3 mar. 2013

Yo quiero ser como Allan


 Hay una película que se llama 'Quiero ser como Beckham'. Pues para qué me pregunto yo; Eso de los millones, los músculos y una esposa falta de puchero y que nunca sonríe no se me antoja para tanto. Yo quiero ser como Allan. Ese entrañable viejecillo que, sin existir, me está dando alas cada mañana en el autobús, abriéndome un claro en estos eternos días nublados. Allan tiene la friolera de cien años y decidió un buen día que no iba a dejarse ir en un triste asilo, así que emprendió la más grande aventura jamás contada. O al menos, lo fue para él. Tenía poco que perder y mucho que intentar. Afortunadamente, me quedan muchas páginas por descubrir pero este 'abuelete' ya me ha hecho sonreir en varias ocasiones. Es la magia de la literatura, transportarte a mundos creados al antojo de tu imaginación. Hacen falta muchos Allan en este mundo. Hay personas que no son capaces de saltar una ventana y huir. Ni con 20 ni con 100 años. Y así nos va. Hoy, mi compañera me hablaba de cómo lleva tres años “sin vivir, sólo existiendo”, en virtud de la tiranía de una jefa que solo ve números y no personas, en una compañía internacional que se hace de oro a fuerza de 'humanoides' que nunca se deciden a pegar ese salto. Que soportan estoicamente un trato injusto, unas condiciones de pena y que se dejan casi anular por un sistema que solo entiende de beneficios. Me imagino a Allan frente a la sucursal de ese sitio o de cualquier otro similar. Apedreando los cristales, encerrando en la cámara frigorífica a la 'manager' y dejando como firma su dentadura postiza olvidada. Genio y figura hasta la cercana sepultura.

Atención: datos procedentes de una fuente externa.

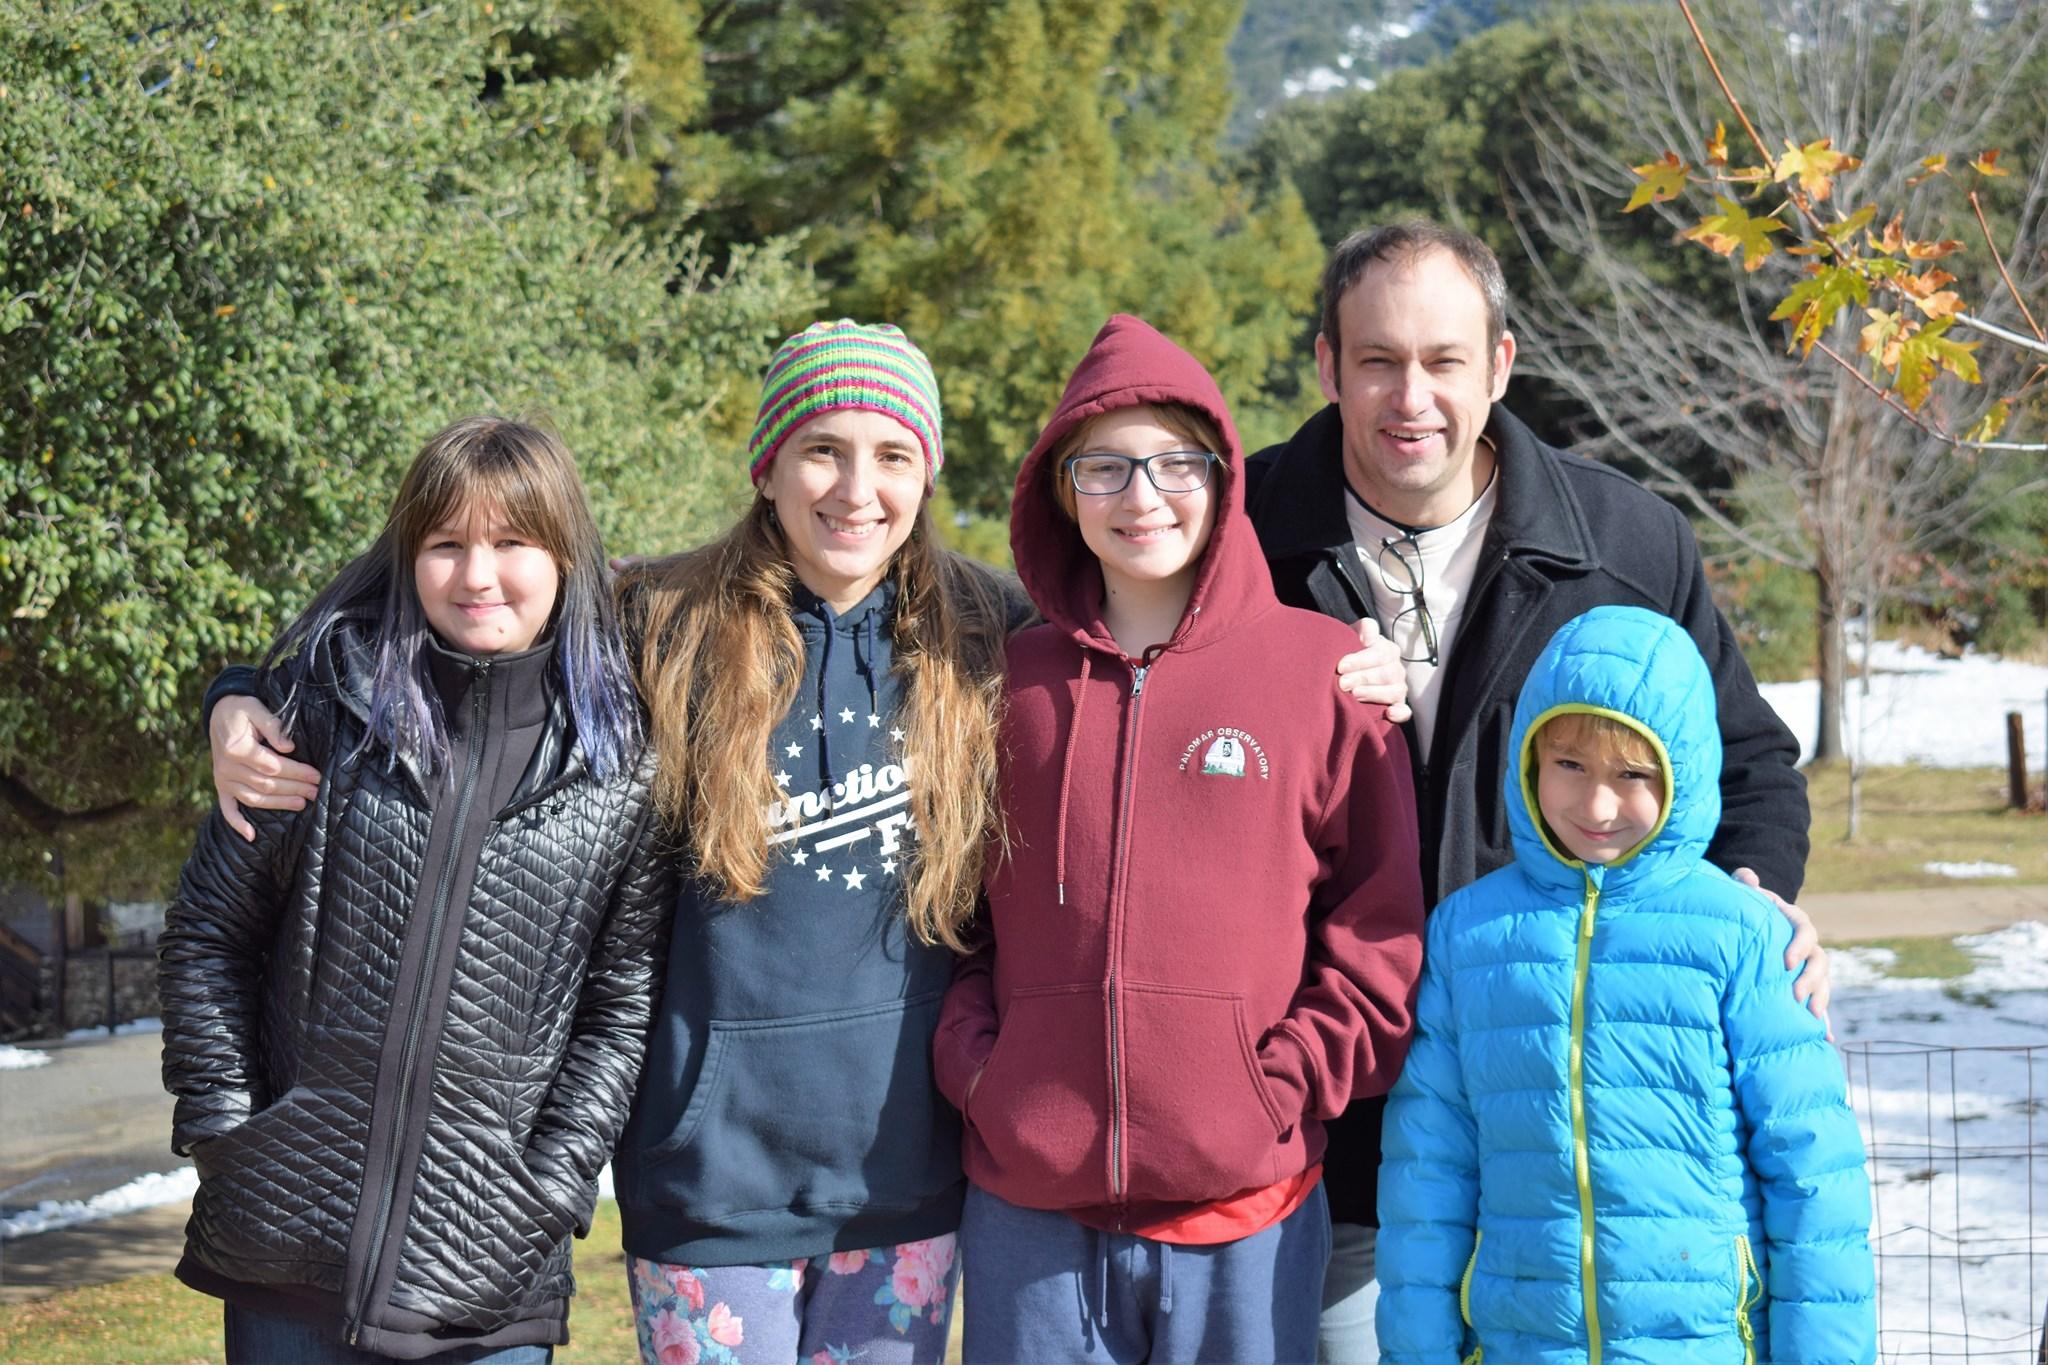 Stephanie M family

Por fortuna hay otros que deciden dar el paso adelante. Homenajeo en estas líneas a otro de mis compañeros que, tras varias semanas siendo maltratado por un impresentable que se regodeaba de representar a una de las empresas con más renombre de la hostelería inglesa, ha “soltado el mandilón” como él dice y les ha dejado claro que no pasa por el aro.
Pues va este texto va por ellos, por Allan y por los que como él eligen vivir y no sobrevivir.